2.2.1. Noise Removal

To improve the accuracy of point cloud processing, it is first necessary to eliminate noise caused by the sensor itself, drone movement, and surrounding environmental interference, including high-altitude gross errors, low-altitude gross errors, and isolated points. In this study, we utilized morphological filtering methods [40], eroding isolated data points or small clusters of points that were incongruous with the overall data structure. This strategy effectively eliminates noise while preserving the overall structure of the point cloud. It’s important to note that the noise reduction effectiveness of this method depends on the size of the chosen structuring element and the erosion threshold. Therefore, manual inspection is necessary to assess the outcome after the noise reduction process.

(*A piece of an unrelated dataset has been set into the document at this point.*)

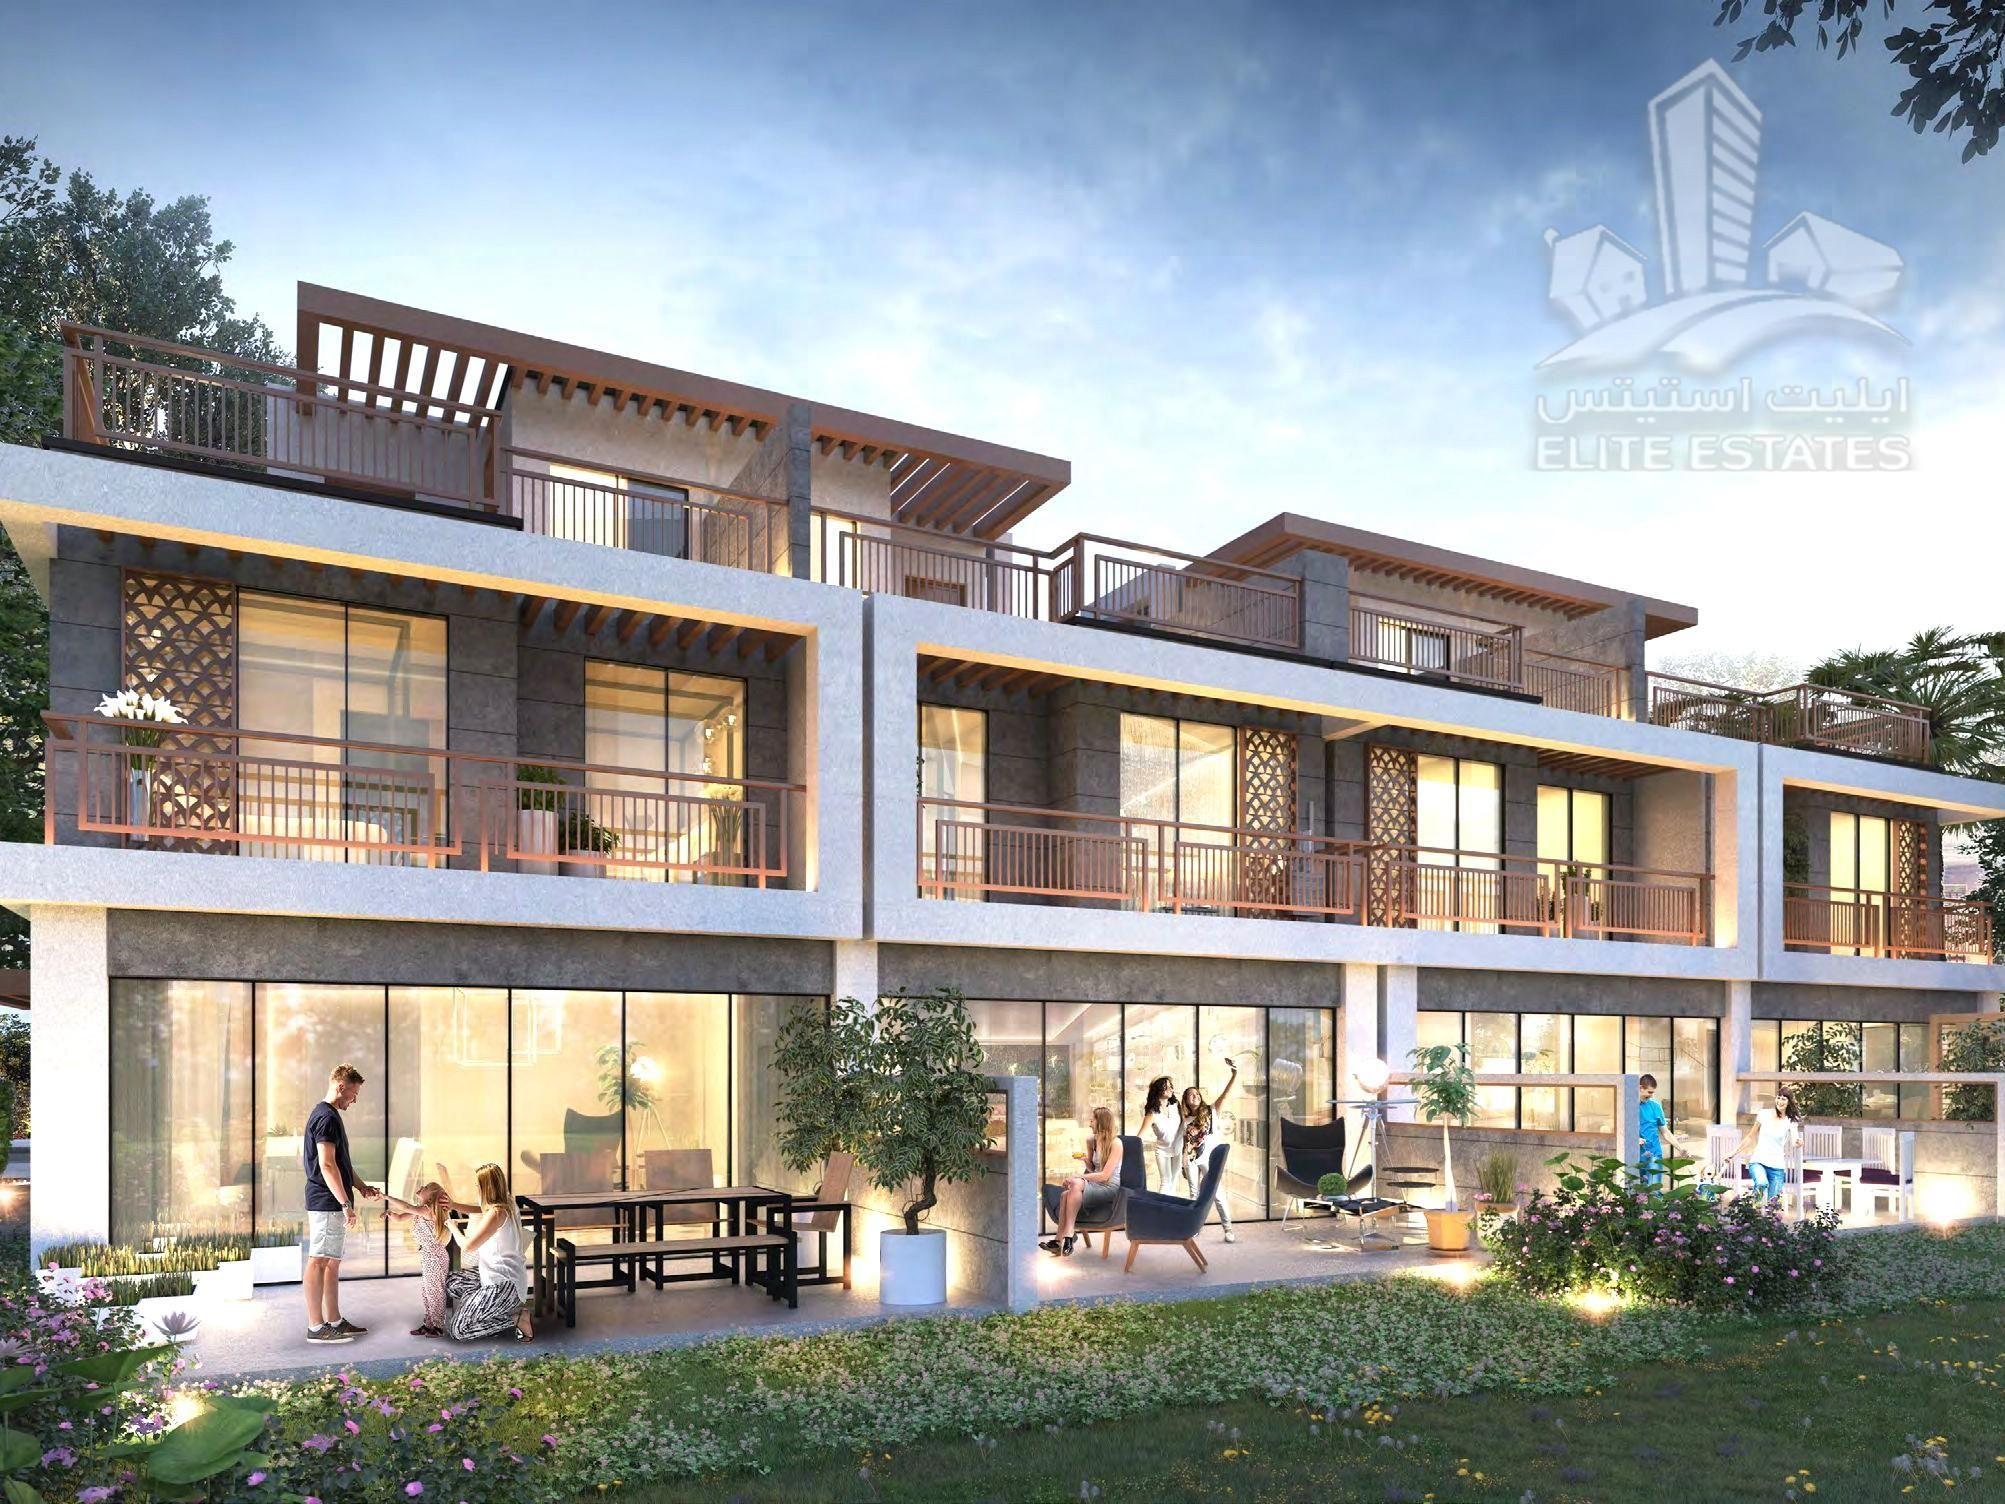 Real Estate_New Projects - Villas for Sale_Akoya Oxygen
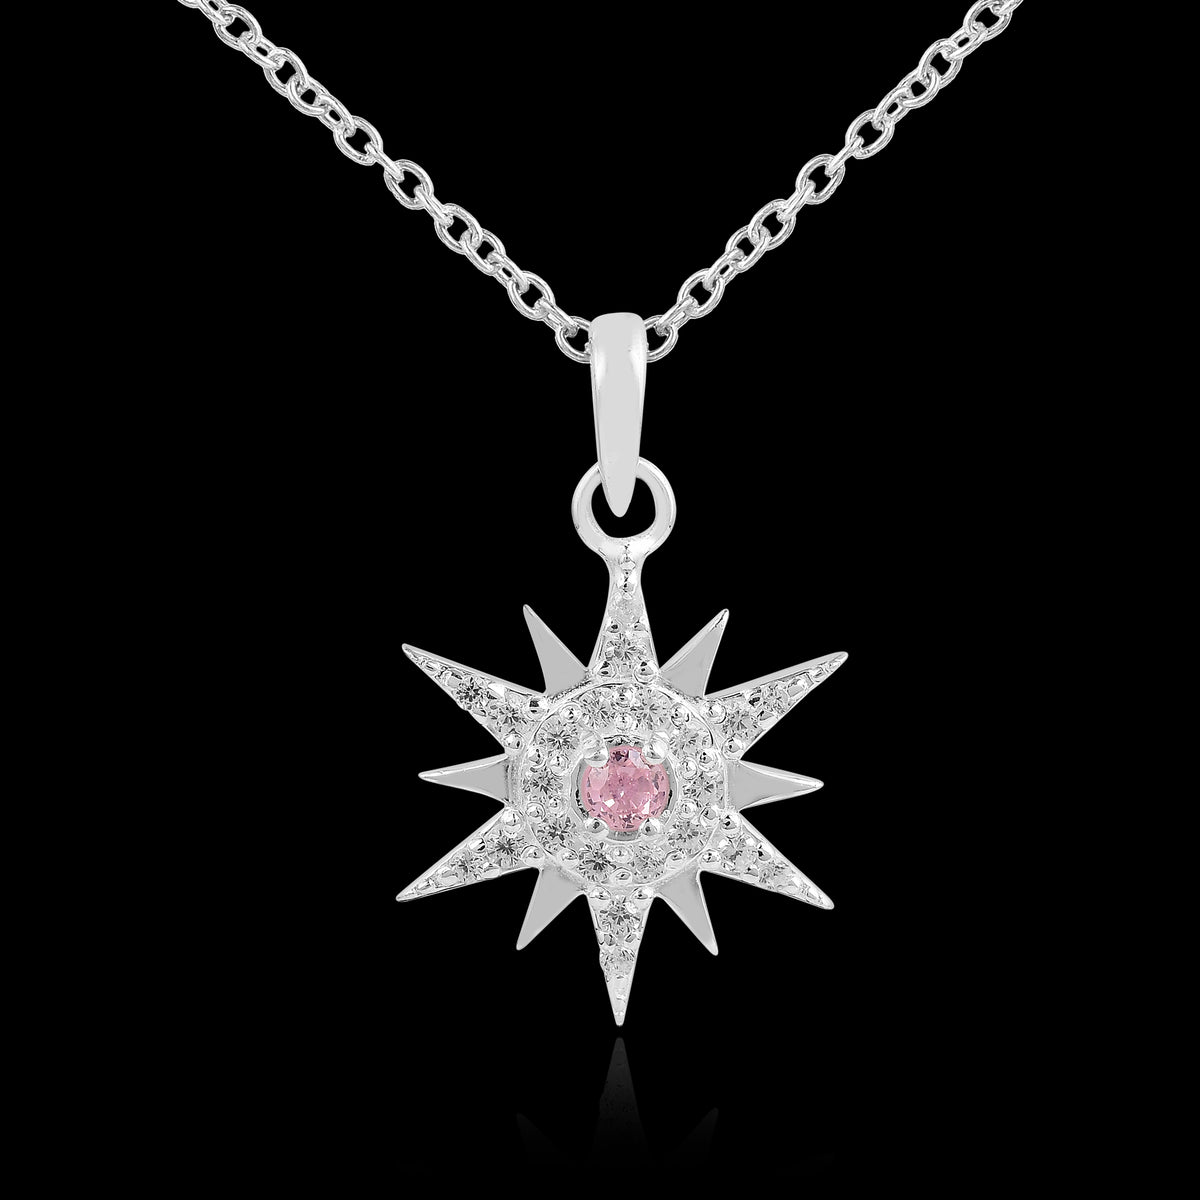 925 Sterling Silver Star Cubic Zirconia Pendant with Chain Gift for Her

2.2.2. Ground Point Classification

After denoising, the obtained point cloud data contains both tree point clouds and ground points that are irrelevant to the research. Therefore, it is necessary to separate the ground data by segmentation to obtain complete tree point clouds. In this study, we employ the Progressive TIN Densification (PTD) method [41]. This method creates a triangulation network from initial ground points and successively adds the remaining points to this network. Upon adding each point, TIN checks whether certain slope conditions are satisfied. If they are, the point is added to the network; otherwise, it’s skipped. In this way, the PTD algorithm gradually increases the density of ground points, separating the ground point cloud from the tree point cloud.

2.2.3. Single-Tree Segmentation

To acquire single-tree point clouds for classification learning, this study used the watershed algorithm [42] for single-tree segmentation. We obtained the Canopy Height Model (CHM) by subtracting the Digital Elevation Model (DEM) from the Digital Surface Model (DSM). Then, we extracted the CHM markers and applied the watershed algorithm, forming enclosed, coherent crown contour polygons around tree apexes, thus accomplishing single-tree segmentation.

2.2.4. Field Investigation and Manual Adjustment

Relying solely on the results of automated computer processing and analysis may introduce some errors and biases. Therefore, a subsequent field survey was conducted upon completion of single-tree segmentation. Factors such as sample noise, remaining ground points, and canopy integrity are considered, and the accuracy of the segmented point cloud data was compared with actual trees in the field. Manual adjustments were made to over-segmented and unsegmented sample data, ensuring the acquisition of the final single-tree point cloud data.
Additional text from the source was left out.